Gold and coal mining occur in the area.

==Geography==
The area of the region is 146,200 square kilometers. Aqmola, along with Ulytau Region and Karaganda Region, are Kazakhstan's only regions which don't touch the country's outer borders. The region borders North Kazakhstan Region in the north, Pavlodar Region in the east, Karagandy Region in the south, and Kostanay Region in the west. The Sileti river flows through the region.

==Etymology==
Aqmola means "white tomb" in Kazakh.

==Demographics==

===Ethnic groups===

| Ethnic Group | 2021 |  |
| Population | % |
| Kazakhs | 436,984 | 55.81 |
| Russians | 210,769 | 26.92 |
| Ukrainians | 40,563 | 5.18 |
| Germans | 30,121 | 3.85 |
| Tatars | 13,707 | 1.75 |
| Belarusians | 13,054 | 1.67 |
| Poles | 8,610 | 1.10 |
| Chechens | 3,167 | 0.28 |
| Azeris | 2,156 | 0.28 |
| Koreans | 1,564 | 0.20 |
| Uzbeks | 1,457 | 0.19 |
| Other Ethnicity or Not Stated | 21,843 | 0.2 |
| Total | 782,995 | 100% |

===Religion===

| Religion | 2021 |  |
| Population | % |
| Islam | 362,070 | 46.24 |
| Christianity | 287,619 | 36.73 |
| No Religion | 14,578 | 1.86 |
| Judaism | 295 | 0.04 |
| Buddhism | 152 | 0.02 |
| Other Religion | 1,034 | 0.13 |
| Not Stated | 117,247 | 14.97 |
| Total | 782,995 | 100% |

==Administrative divisions==
The region is administratively divided into seventeen districts and the cities of Kökşetau, Qosshy, and Stepnogorsk.
1. Kökşetau City Administration, with the administrative center in Kökşetau;
2. Akkol District, with the administrative center in the town of Akkol;
3. Arshaly District, the settlement of Arshaly;
4. Astrakhan District, selo of Astrakhanka;
5. Atbasar District, the town of Atbasar;
6. Birjan sal District, the town of Stepnyak;
7. Bulandy District, the town of Makinsk;
8. Burabay District, the town of Shchuchinsk;
9. Egindikol District, the selo of Egindikol;
10. Ereymentau District, the town of Ereymentau;
11. Esil District, the town of Esil;
12. Korgalzhyn District, the selo of Korgalzhyn;
13. Sandyktau District, the selo of Balkashino;
14. Shortandy District, the settlement of Shortandy;
15. Tselinograd District, the selo of Akmol;
16. Zerendi District, the selo of Zerendi;
17. Zhaksy District, the settlement of Zhaksy;
18. Zharkain District, the town of Derzhavinsk.

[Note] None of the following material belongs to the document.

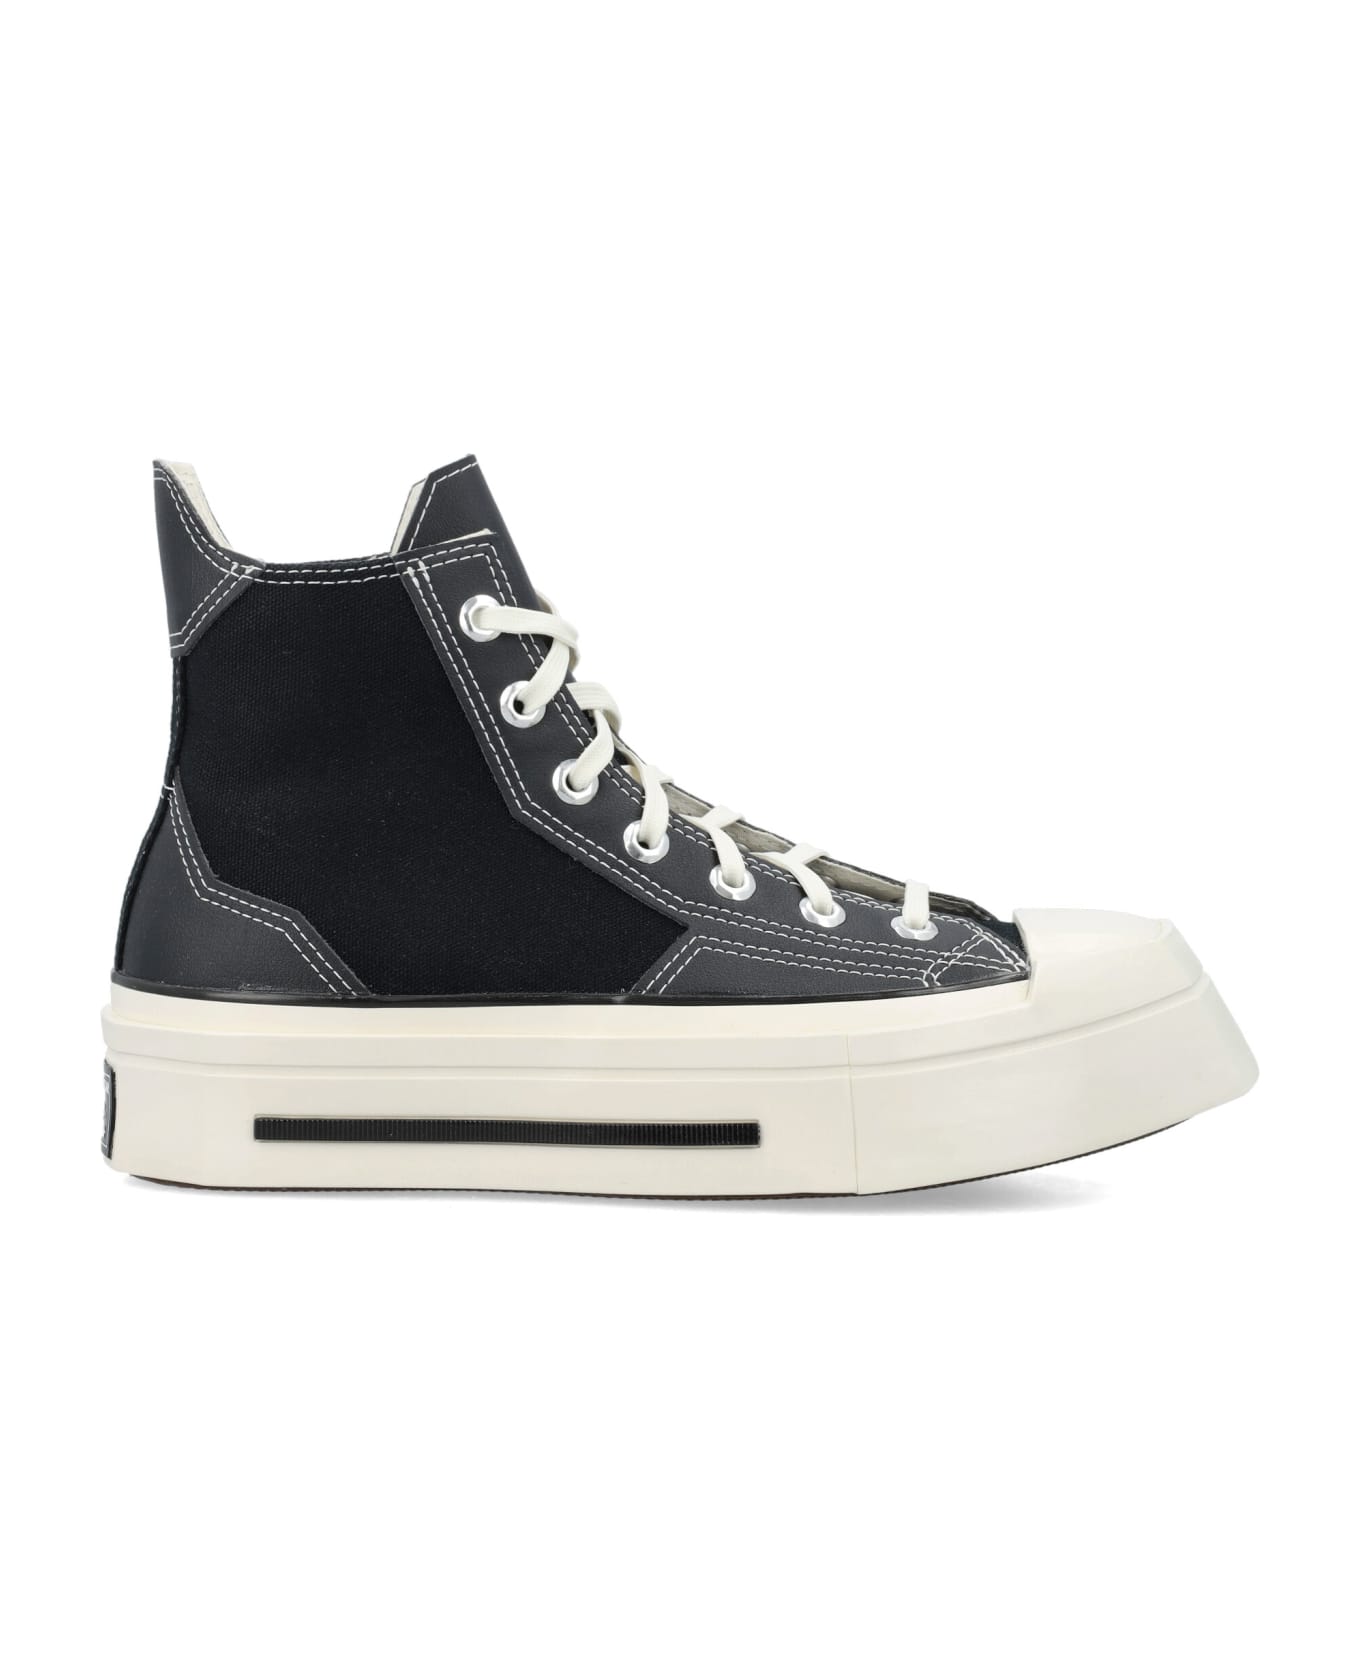 Converse Chuck 70 Deluxe Squared Hi Sneakers - BLACK
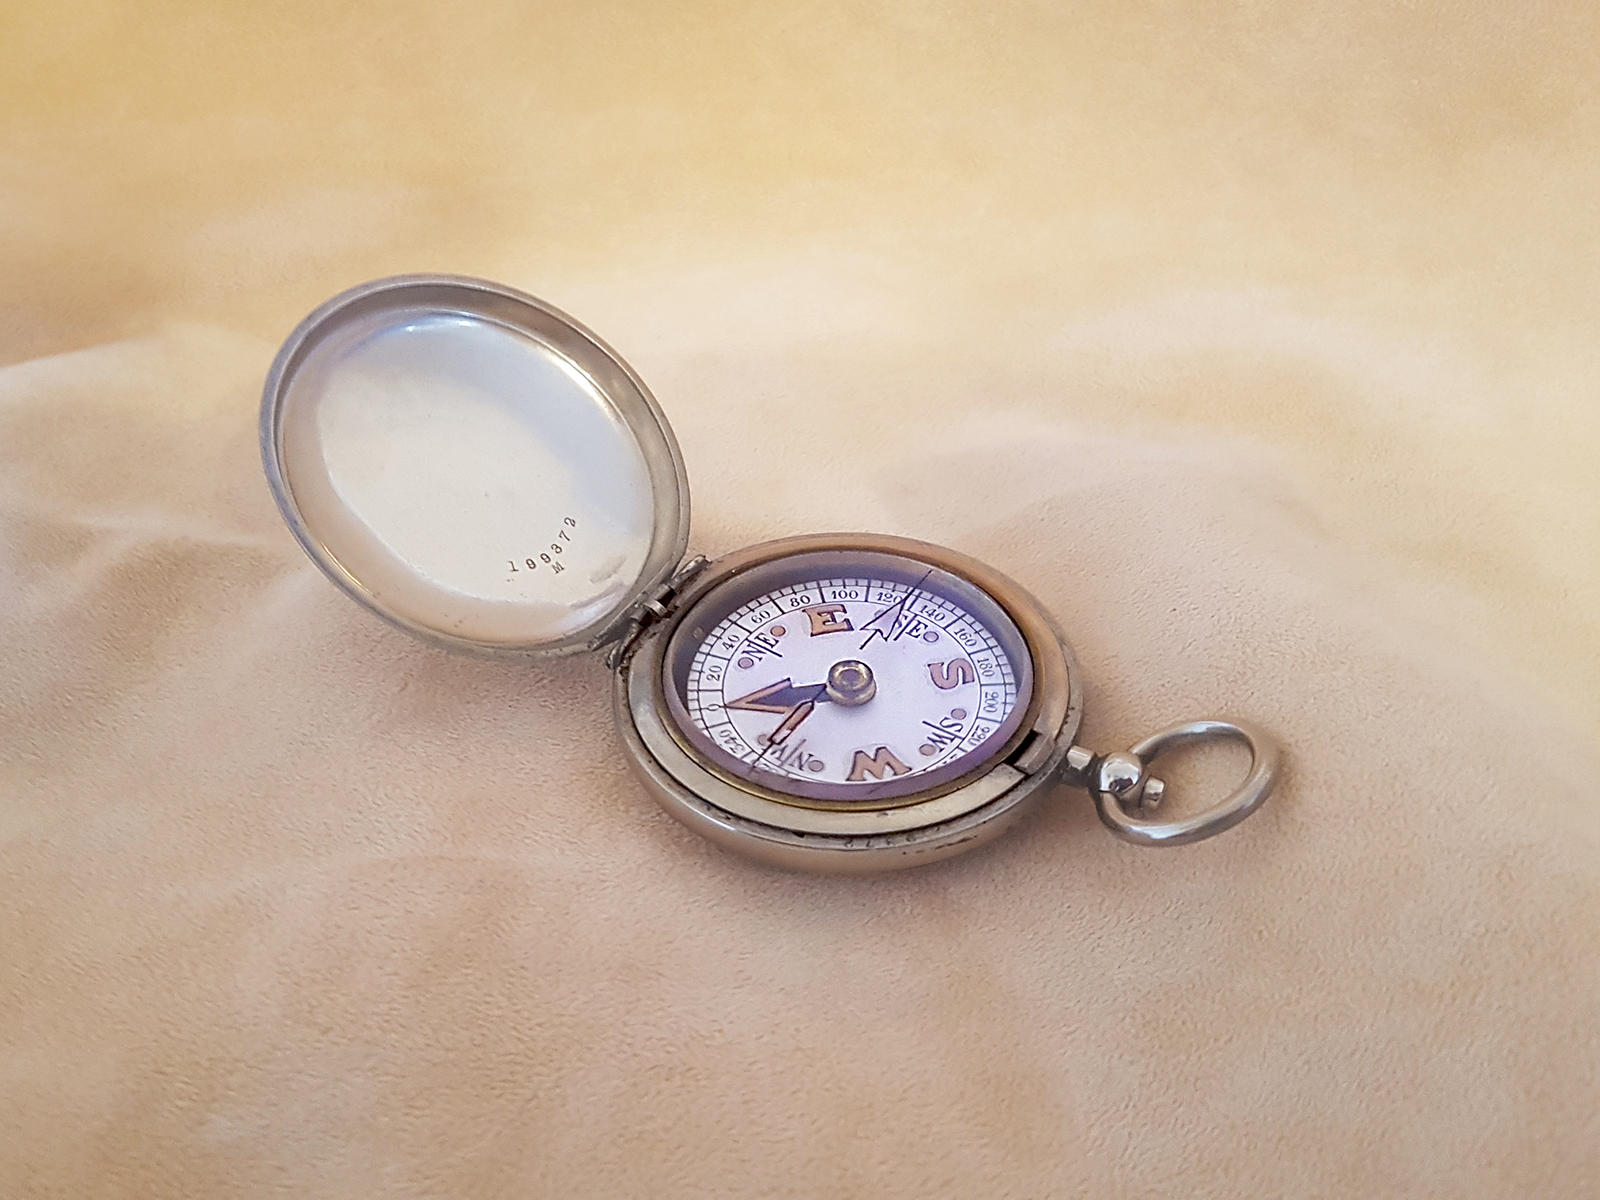 Dennison Cased Officers WW1 souvenir compass by L Kamm dated 1914-1919

^{*} The following ten localities in Aqmola Region have town status: Akkol, Atbasar, Derzhavinsk, Ereymentau, Esil, Kökşetau, Qosshy, Makinsk, Shchuchinsk, Stepnogorsk, and Stepnyak.

==Notable people==
- David Rigert, weightlifter, Olympic champion, 5x world champion (light-heavyweight and heavyweight), 68 world records.